Since the weights were concerning, I was thinking of just using a weight of
(1 / N) where N is the number of samples. Essentially taking the average.
That could be simple enough and does not cause your concerns with weight
tuning. I tested it and looks good, I'll post it shortly.

thanks,

 - Joel
Paul E. McKenney Jan. 15, 2020, 10:42 p.m. UTC | #5
On Wed, Jan 15, 2020 at 05:03:00PM -0500, Joel Fernandes wrote:
> On Mon, Jan 06, 2020 at 11:52:00AM -0800, Paul E. McKenney wrote:
> > On Fri, Dec 20, 2019 at 10:37:14PM -0500, Joel Fernandes wrote:
> > > On Fri, Dec 20, 2019 at 04:07:29PM -0800, Paul E. McKenney wrote:
> > > > On Thu, Dec 19, 2019 at 04:13:49PM -0500, Joel Fernandes (Google) wrote:
> > > > > During changes to kfree_rcu() code, we often check the amount of free
> > > > > memory.  As an alternative to checking this manually, this commit adds a
> > > > > measurement in the test itself.  It measures four times during the test
> > > > > for available memory, digitally filters these measurements to produce a
> > > > > running average with a weight of 0.5, and compares this digitally
> > > > > filtered value with the amount of available memory at the beginning of
> > > > > the test.
> > > > > 
> > > > > We apply the digital filter only once we are more than 25% into the
> > > > > test. At the 25% mark, we just read available memory and don't apply any
> > > > > filtering. This prevents the first sample from skewing the results
> > > > > as we would not consider memory readings that were before memory was
> > > > > allocated.
> > > > > 
> > > > > A sample run shows something like:
> > > > > 
> > > > > Total time taken by all kfree'ers: 6369738407 ns, loops: 10000, batches: 764, memory footprint: 216MB
> > > > > 
> > > > > Signed-off-by: Joel Fernandes (Google) <joel@joelfernandes.org>
> > > > 
> > > > Much better!  A few comments below.
> > > > 
> > > > 							Thanx, Paul
> > > > 
> > > > > ---
> > > > > v1->v2: Minor corrections
> > > > > v1->v3: Use long long to prevent 32-bit system's overflow
> > > > > 	Handle case where some threads start later than others.
> > > > > 	Start measuring only once 25% into the test.

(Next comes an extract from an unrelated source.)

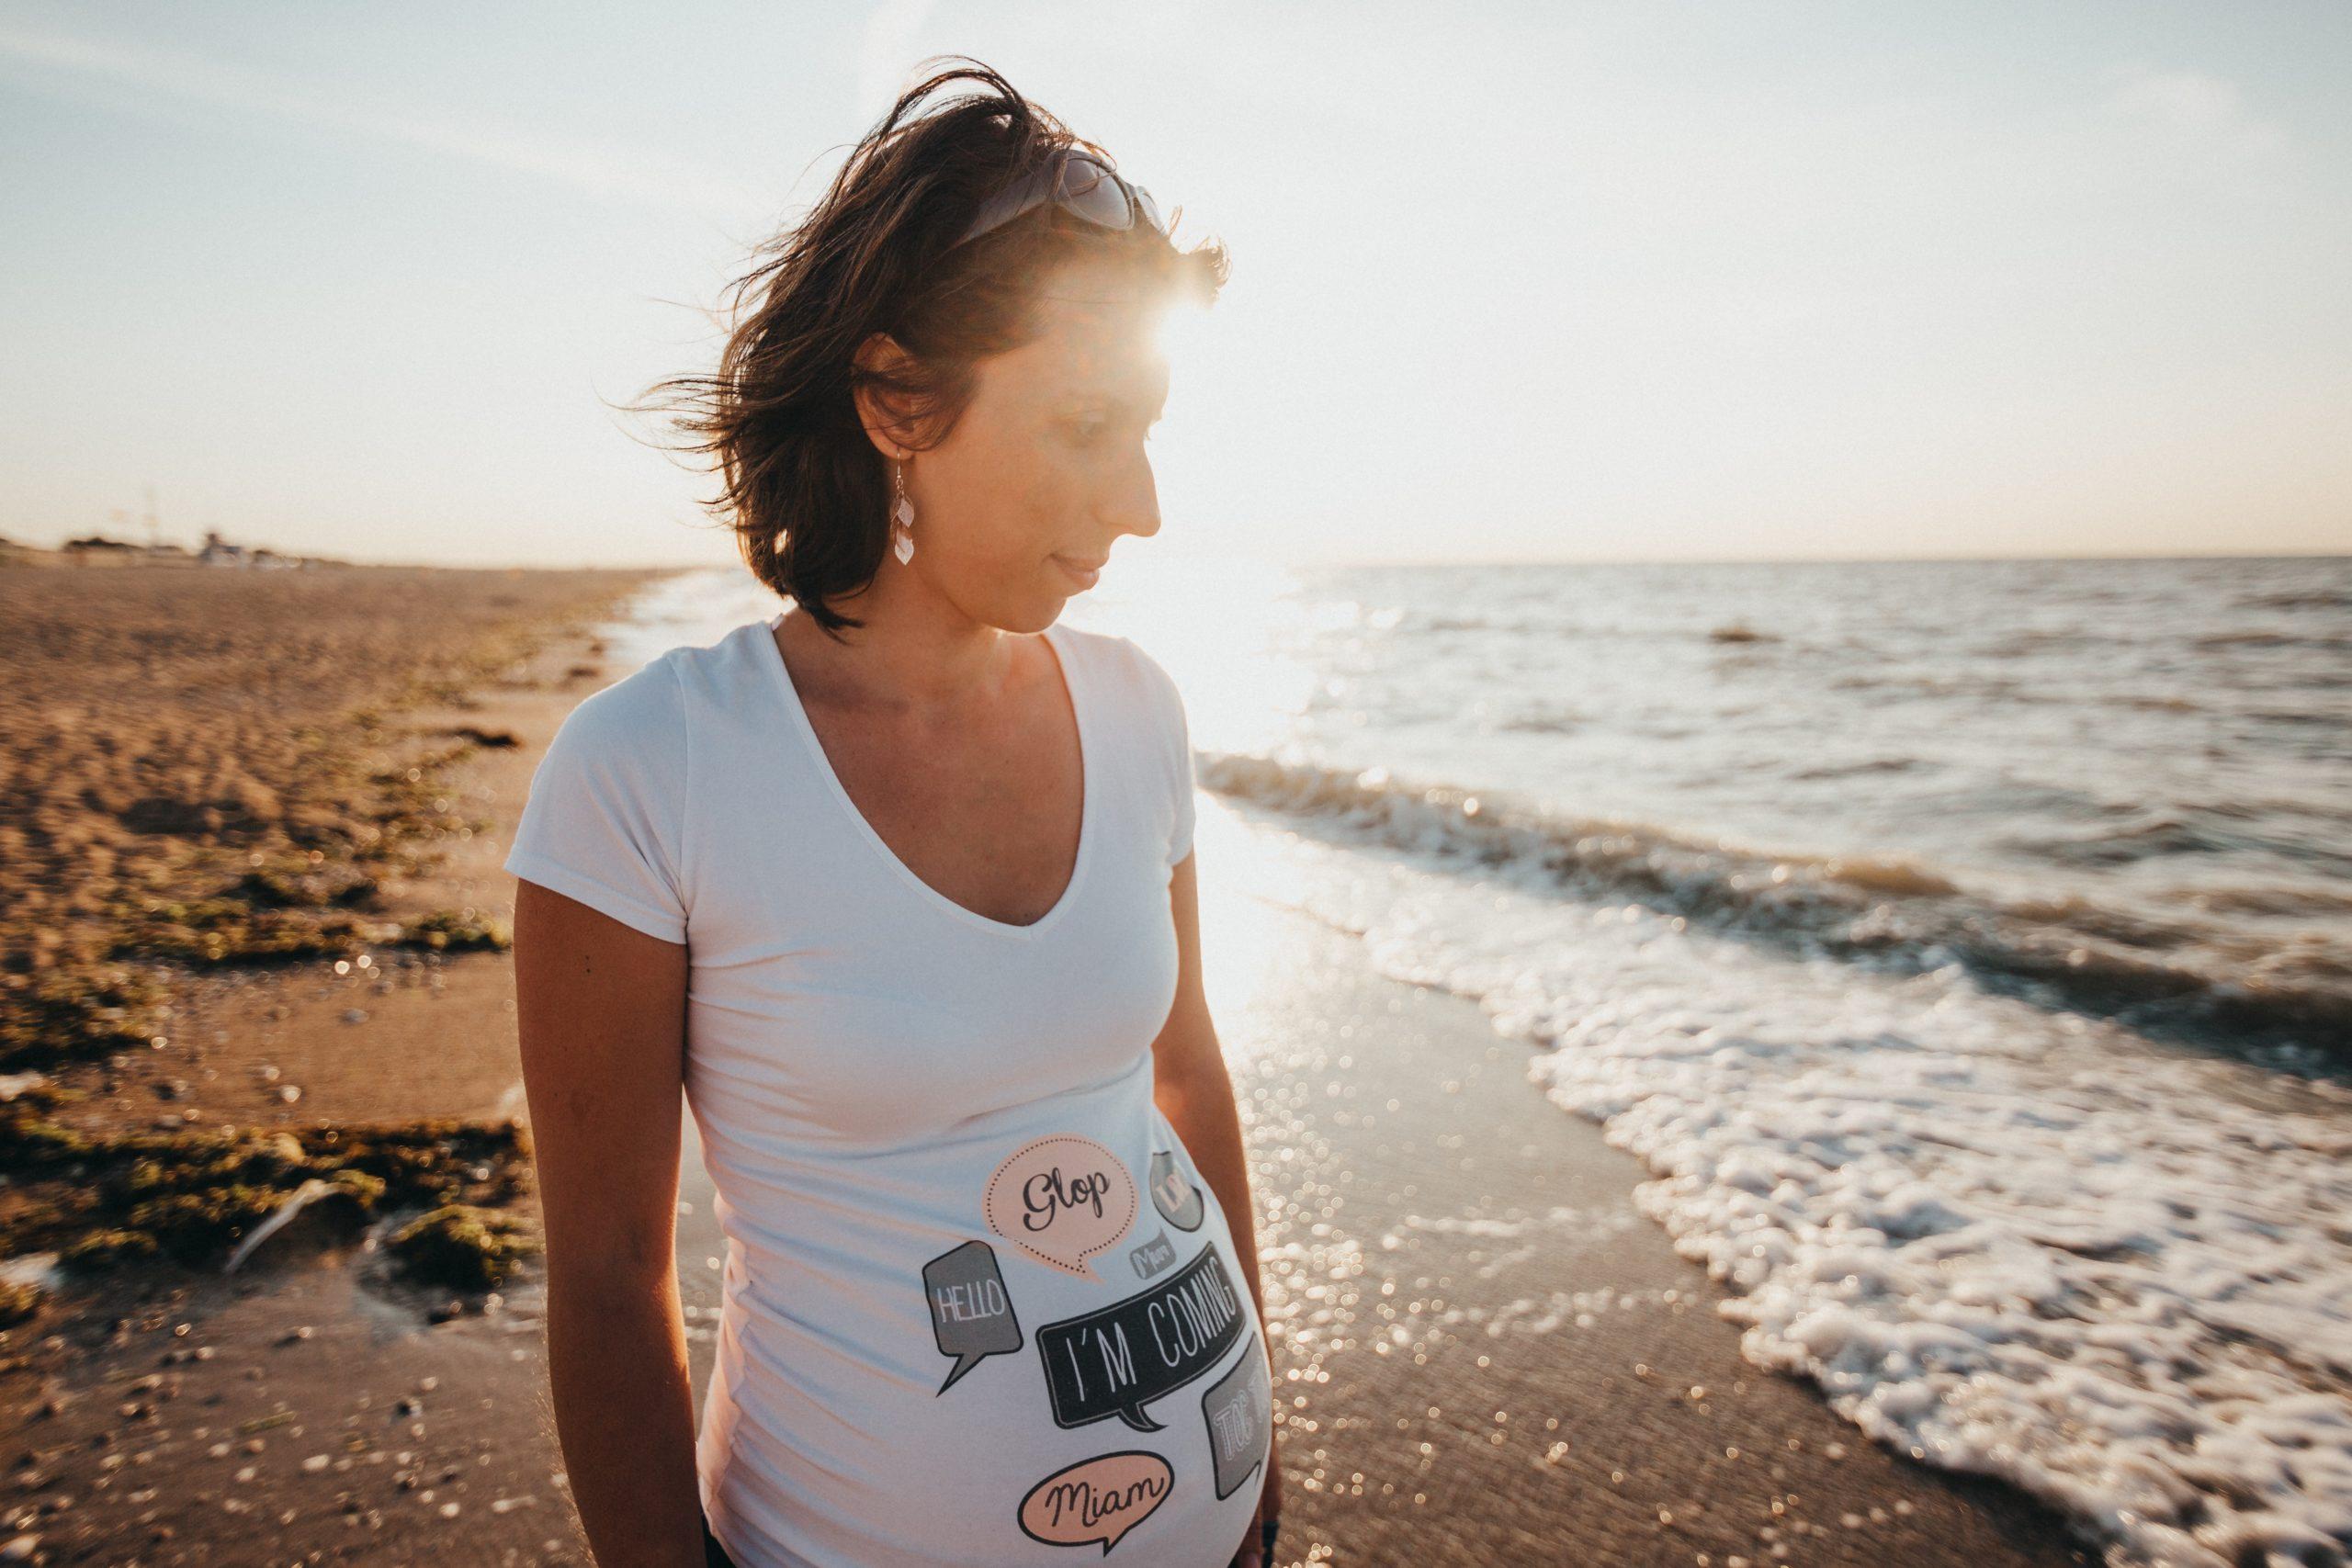 Schwangere Frau am Strand - Schwangerschaft

Slightly more accurate.
> > > > > 
> > > > > Cc: bristot@redhat.com
> > > > > Cc: frextrite@gmail.com
> > > > > Cc: madhuparnabhowmik04@gmail.com
> > > > > Cc: urezki@gmail.com
> > > > > Signed-off-by: Joel Fernandes (Google) <joel@joelfernandes.org>
> > > > > 
> > > > >  kernel/rcu/rcuperf.c | 23 +++++++++++++++++++++--
> > > > >  1 file changed, 21 insertions(+), 2 deletions(-)
> > > > > 
> > > > > diff --git a/kernel/rcu/rcuperf.c b/kernel/rcu/rcuperf.c
> > > > > index da94b89cd531..67e0f804ea97 100644
> > > > > --- a/kernel/rcu/rcuperf.c
> > > > > +++ b/kernel/rcu/rcuperf.c
> > > > > @@ -12,6 +12,7 @@
> > > > >  #include <linux/types.h>
> > > > >  #include <linux/kernel.h>
> > > > >  #include <linux/init.h>
> > > > > +#include <linux/mm.h>
> > > > >  #include <linux/module.h>
> > > > >  #include <linux/kthread.h>
> > > > >  #include <linux/err.h>
> > > > > @@ -604,6 +605,8 @@ struct kfree_obj {
> > > > >  	struct rcu_head rh;
> > > > >  };
> > > > >  
> > > > > +long long mem_begin;
> > > > > +
> > > > >  static int
> > > > >  kfree_perf_thread(void *arg)
> > > > >  {
> > > > > @@ -611,6 +614,7 @@ kfree_perf_thread(void *arg)

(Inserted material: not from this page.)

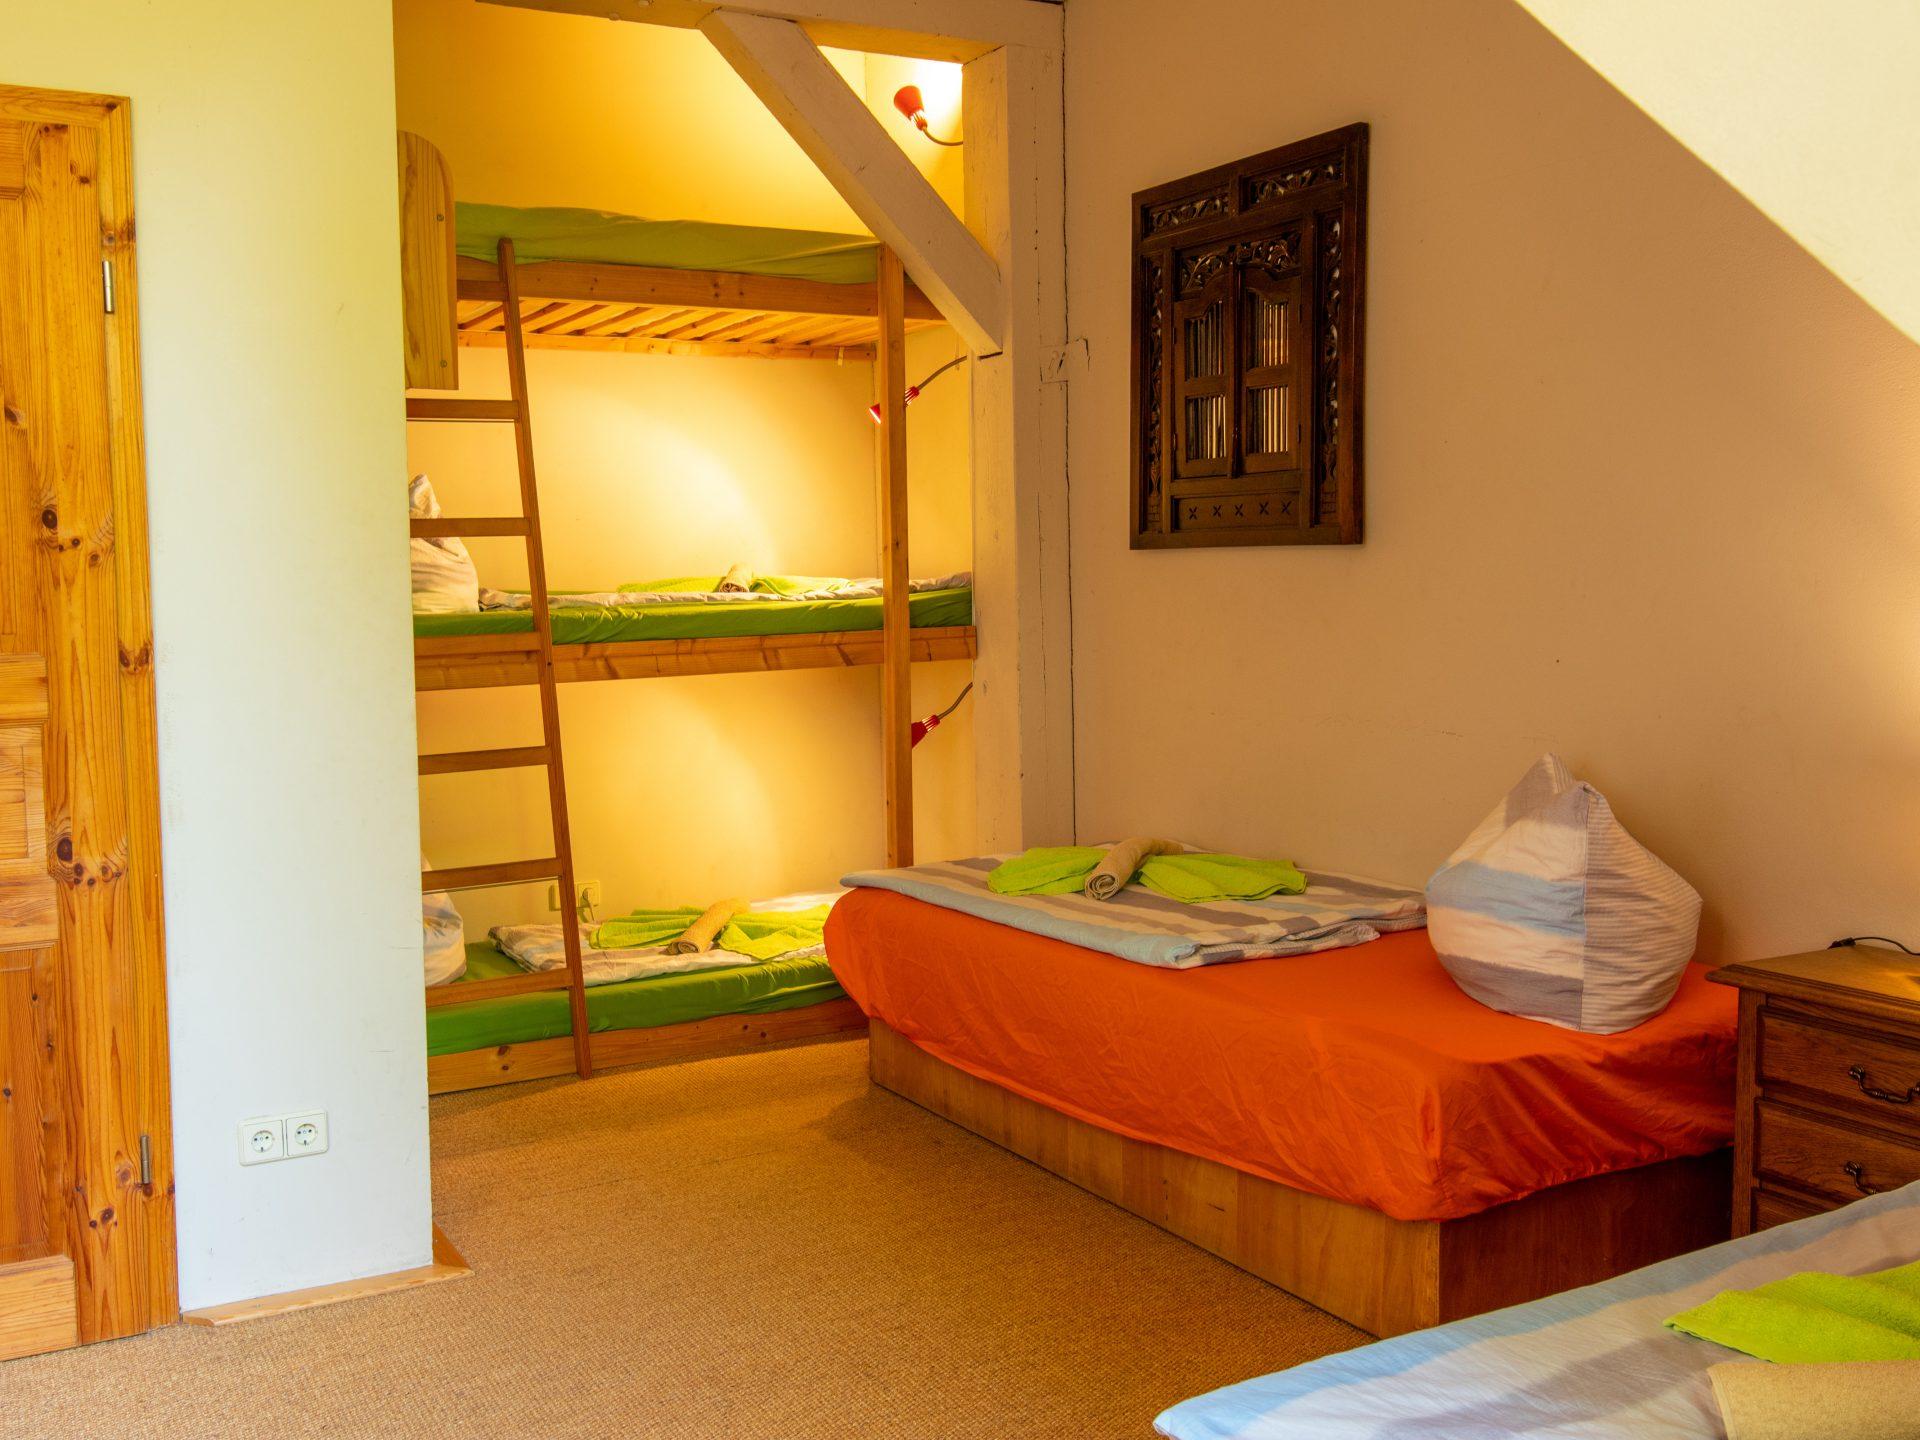 Schlafzimmer mit 2 Einzelbetten und Etagenbett

> > > > >  	long me = (long)arg;
> > > > >  	struct kfree_obj *alloc_ptr;
> > > > >  	u64 start_time, end_time;
> > > > > +	long long mem_during = si_mem_available();
> > > > 
> > > > You initialize here, which makes quite a bit of sense...
> > > > 
> > > > >  	VERBOSE_PERFOUT_STRING("kfree_perf_thread task started");
> > > > >  	set_cpus_allowed_ptr(current, cpumask_of(me % nr_cpu_ids));
> > > > > @@ -626,6 +630,15 @@ kfree_perf_thread(void *arg)
> > > > >  	}
> > > > >  
> > > > >  	do {
> > > > > +		// Moving average of memory availability measurements.
> > > > > +		// Start measuring only from when we are at least 25% into the test.
> > > > > +		if (loop && kfree_loops > 3 && (loop % (kfree_loops / 4) == 0)) {
> > > > > +			if (loop == (kfree_loops / 4))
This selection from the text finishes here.